→ **Data section**:
Segment Open
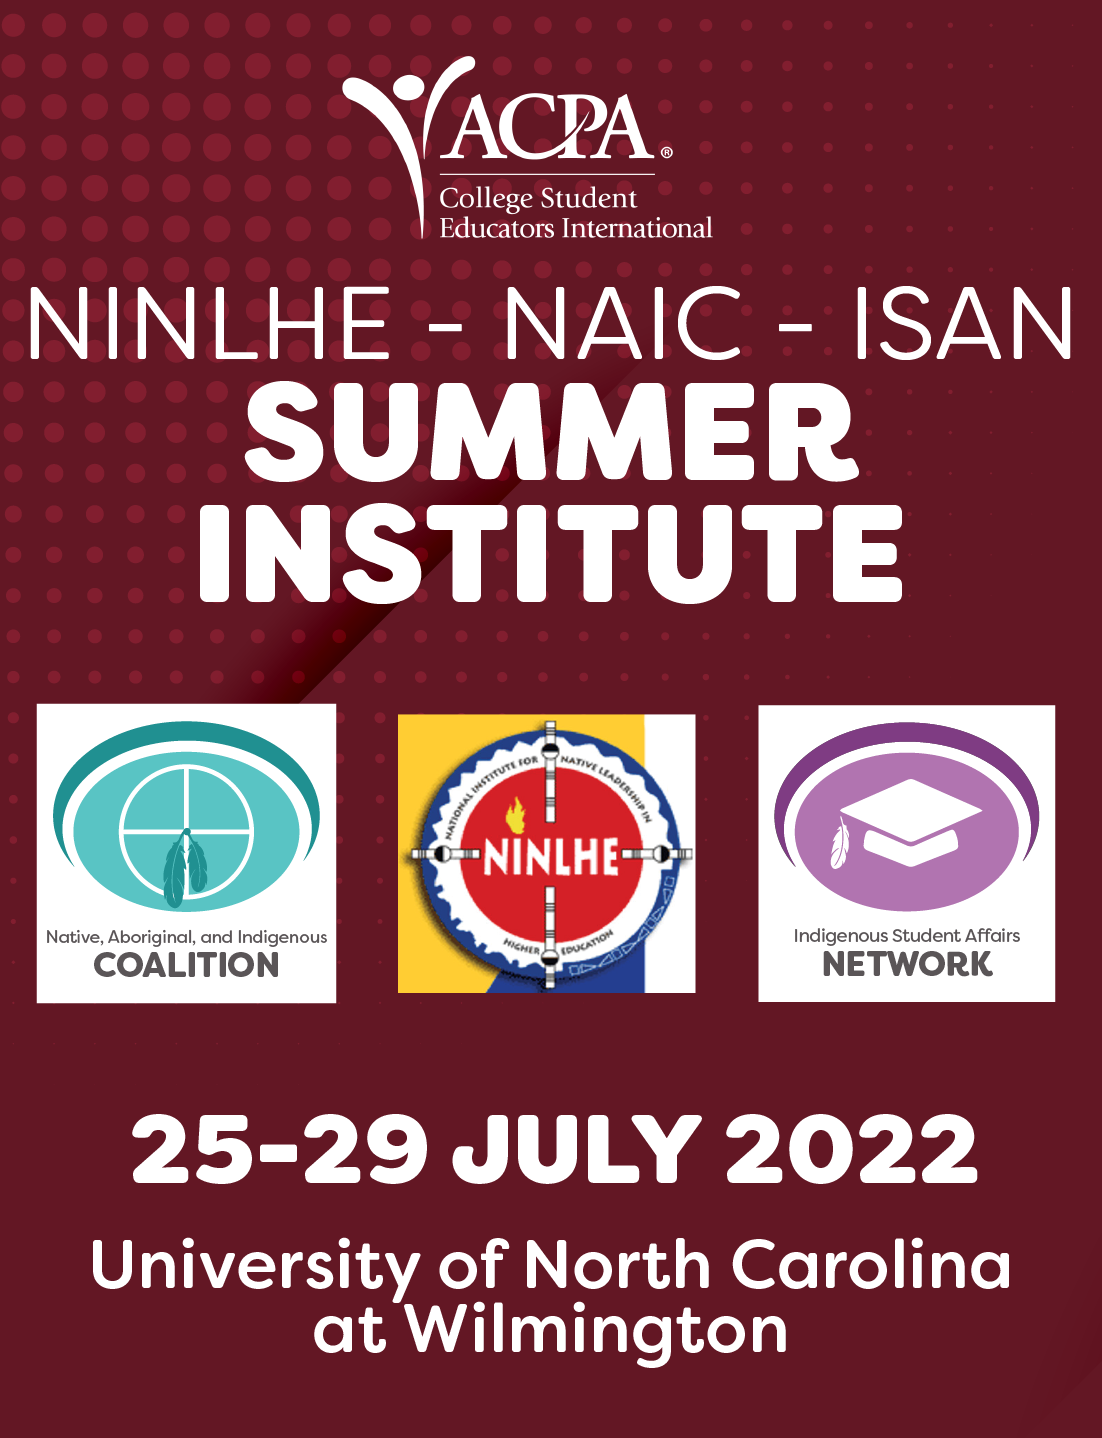 NINLHE, NAIC, ISAN暑期学院. 2022年7月25-29日博天堂官方威尔明顿分校
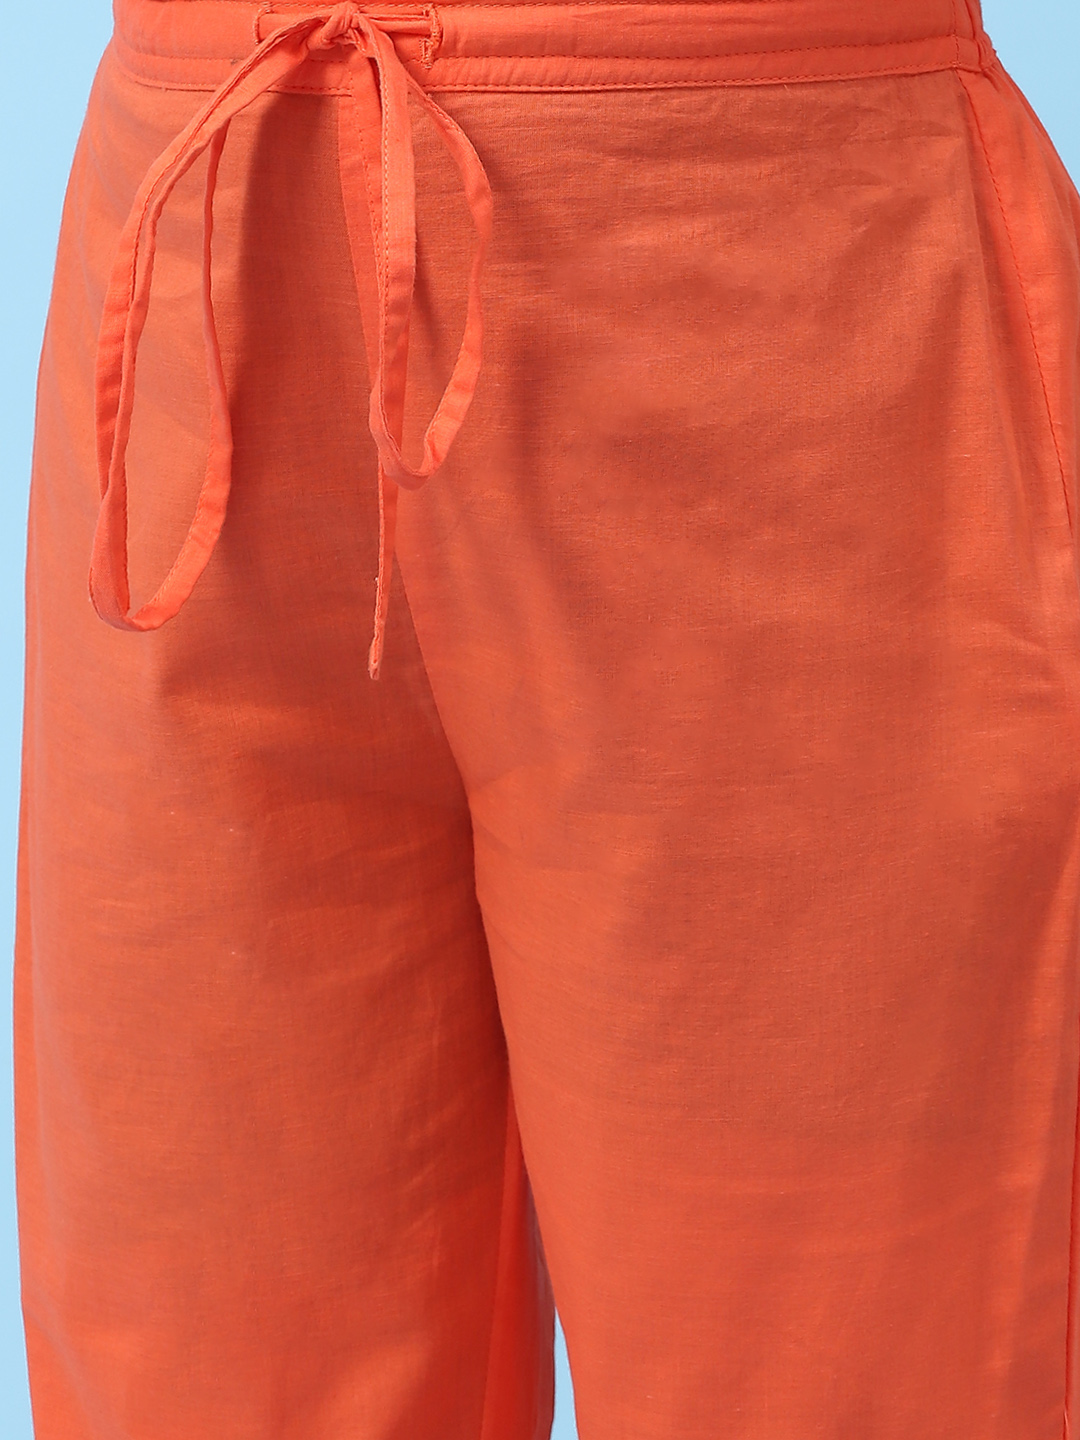 Orange Art Silk Straight Kurta Regular Pants Suit Set image number 2
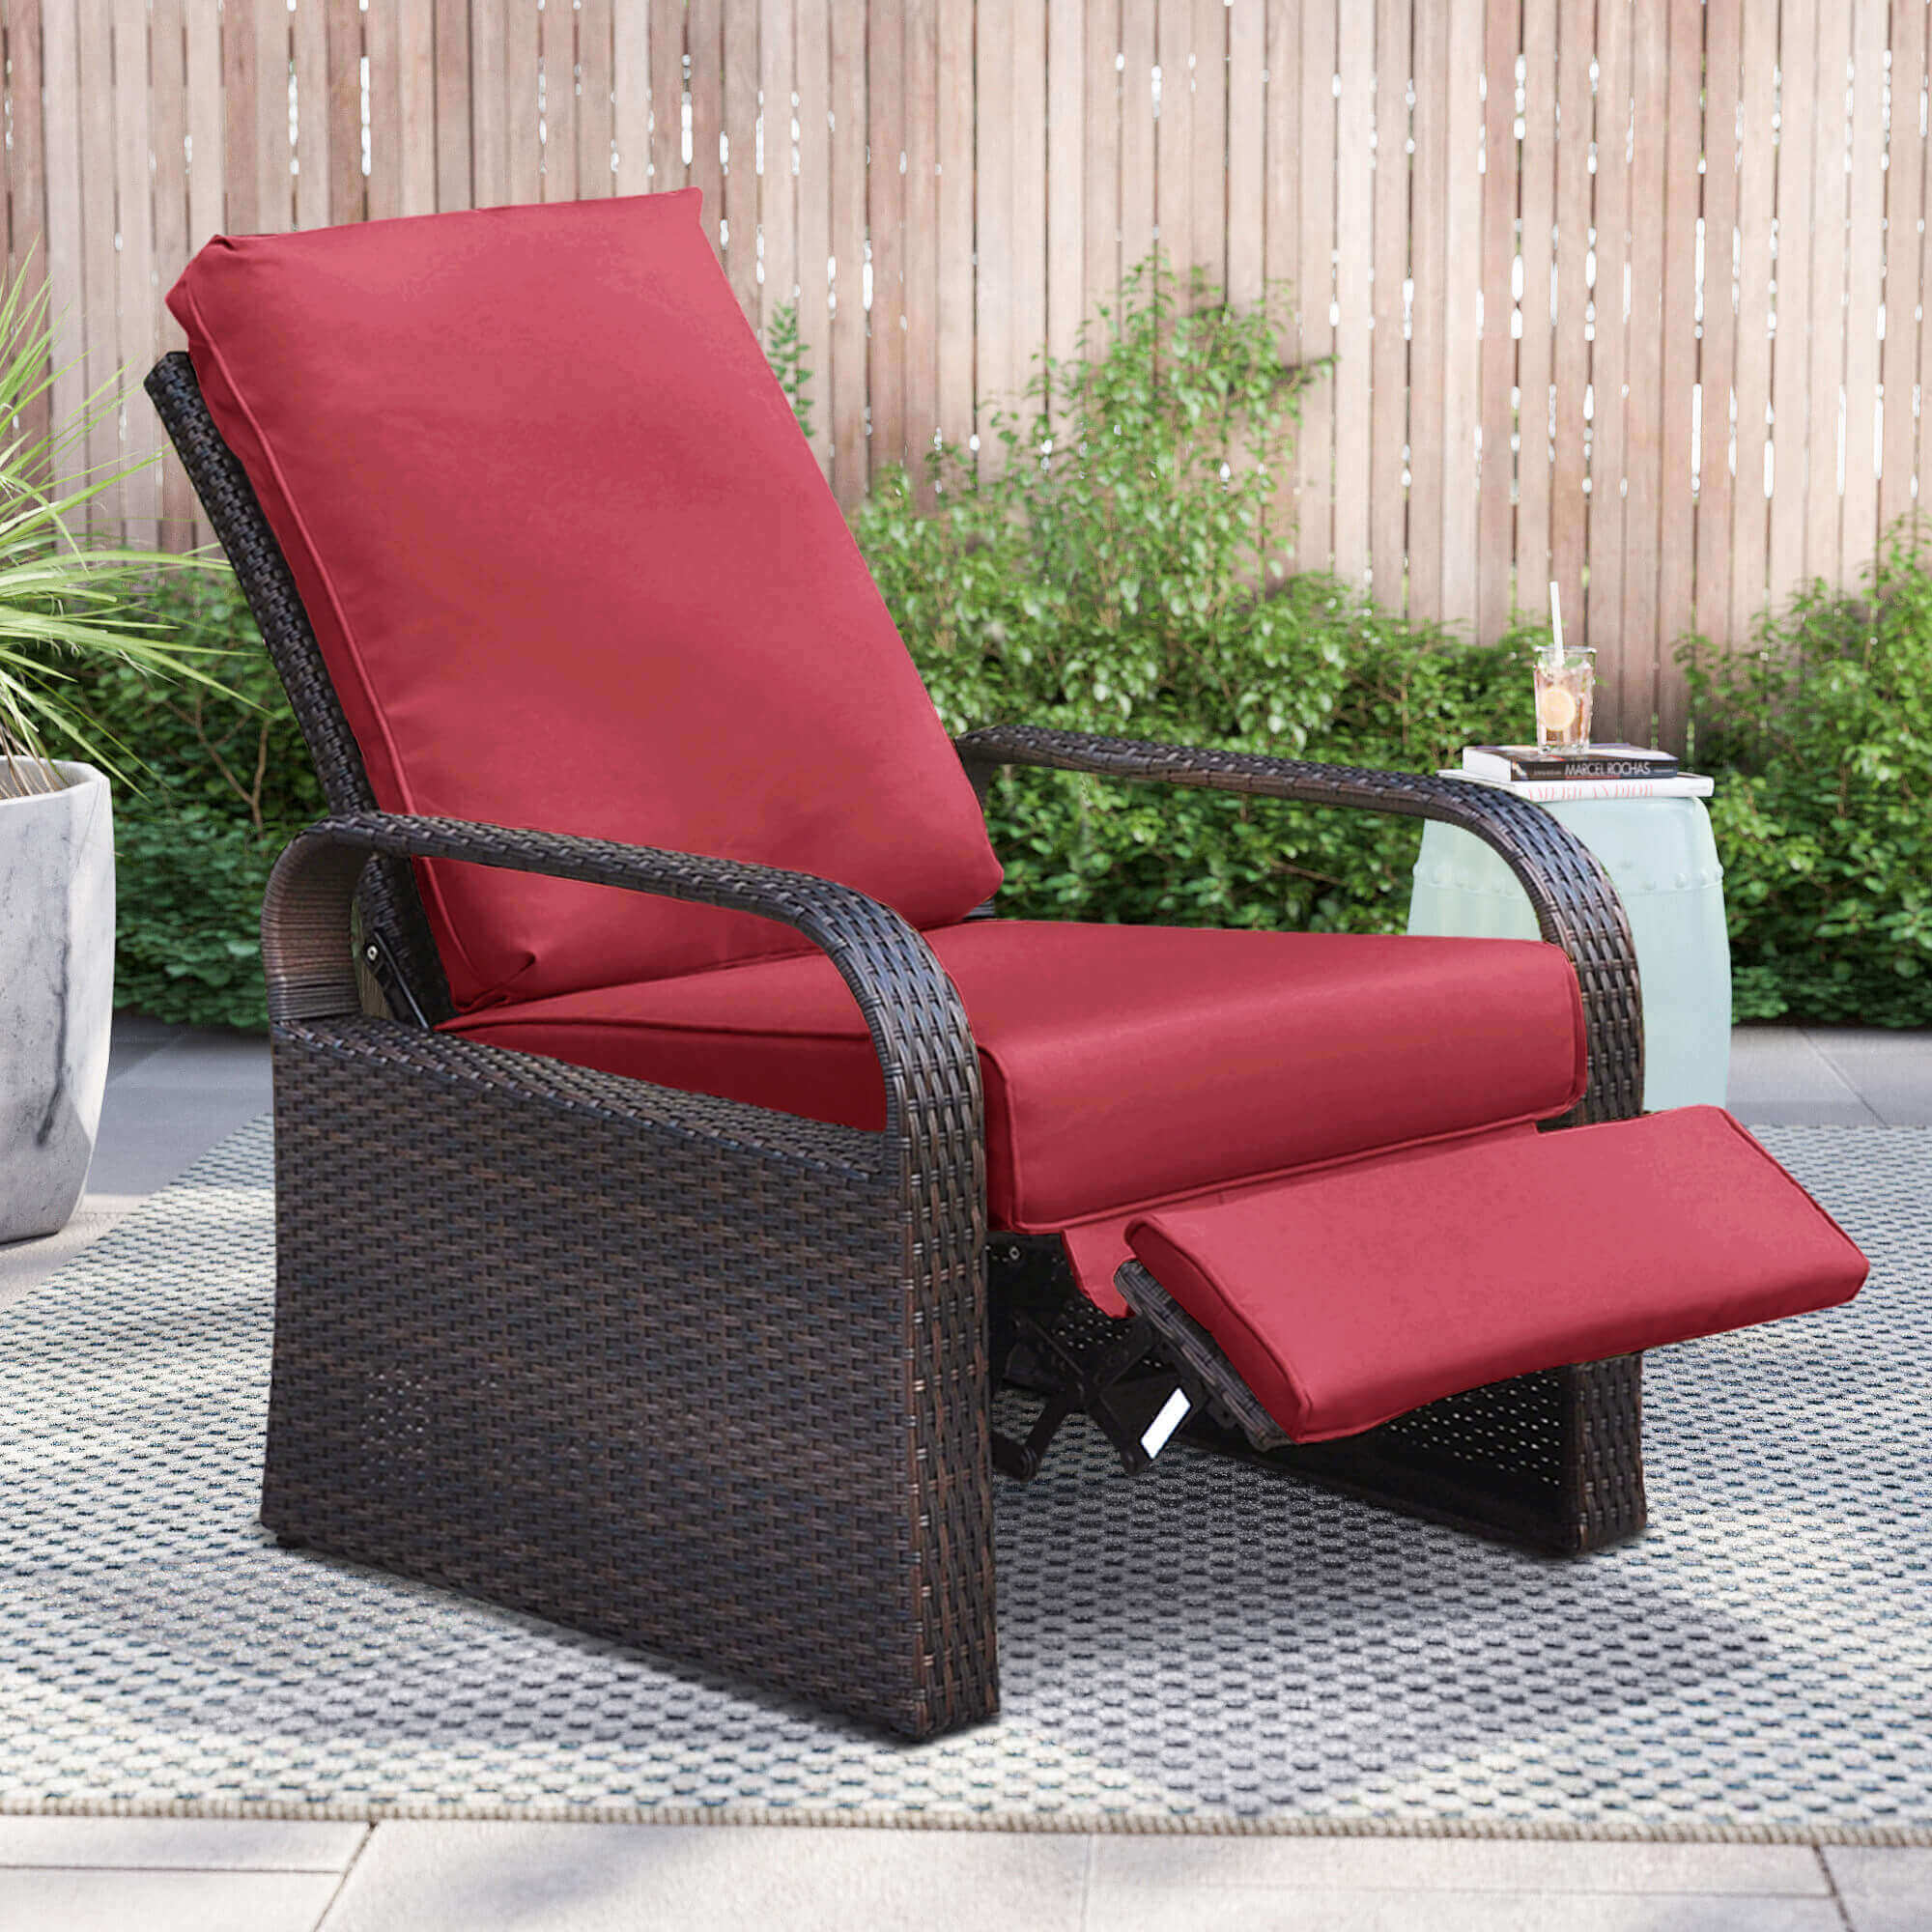 Garden Recliner Chair Cushions
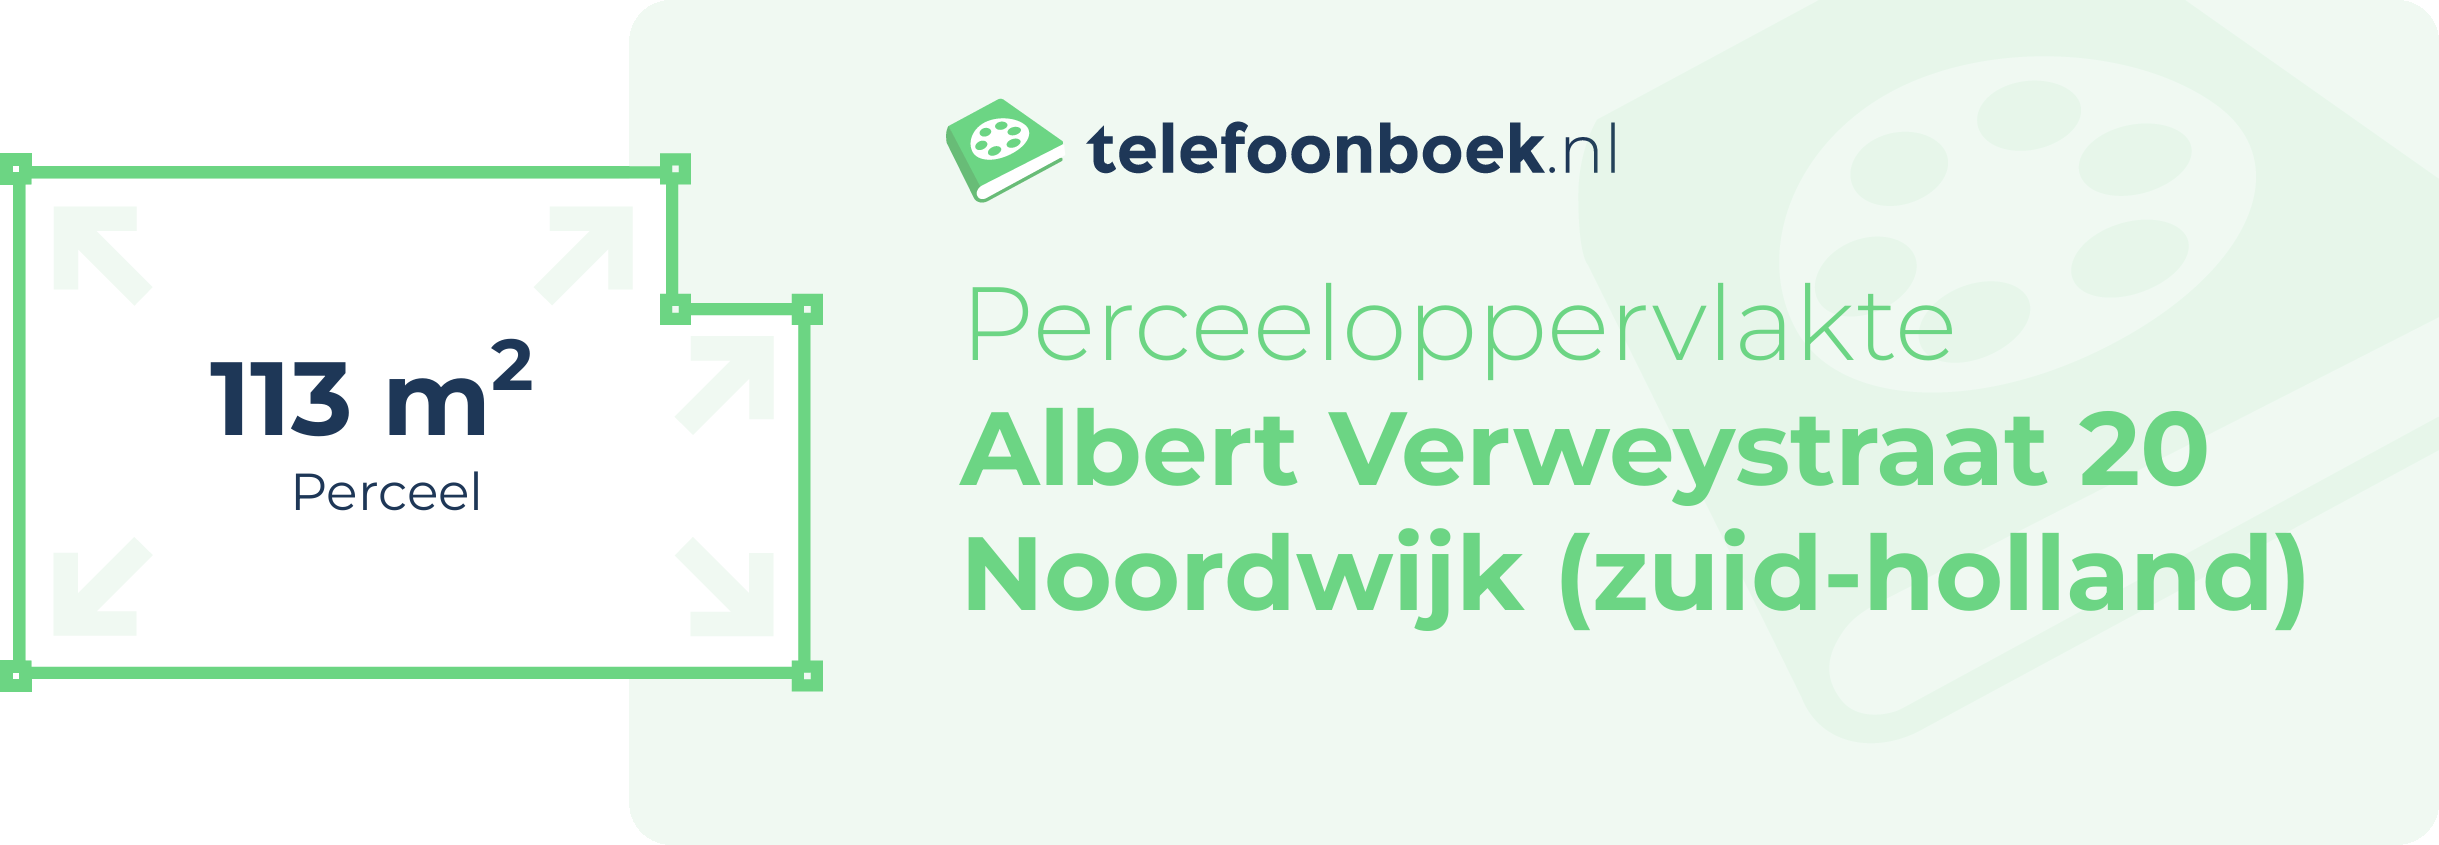 Perceeloppervlakte Albert Verweystraat 20 Noordwijk (Zuid-Holland)
Segment Closed
→ **The problem**:
The whole listing above must be set down again exactly, but without its images.

→ **Task solution**:
 NINLHE, NAIC, ISAN暑期学院. 2022年7月25-29日博天堂官方威尔明顿分校
 Orange Art Silk Straight Kurta Regular Pants Suit Set image number 2
 Garden Recliner Chair Cushions
 Perceeloppervlakte Albert Verweystraat 20 Noordwijk (Zuid-Holland)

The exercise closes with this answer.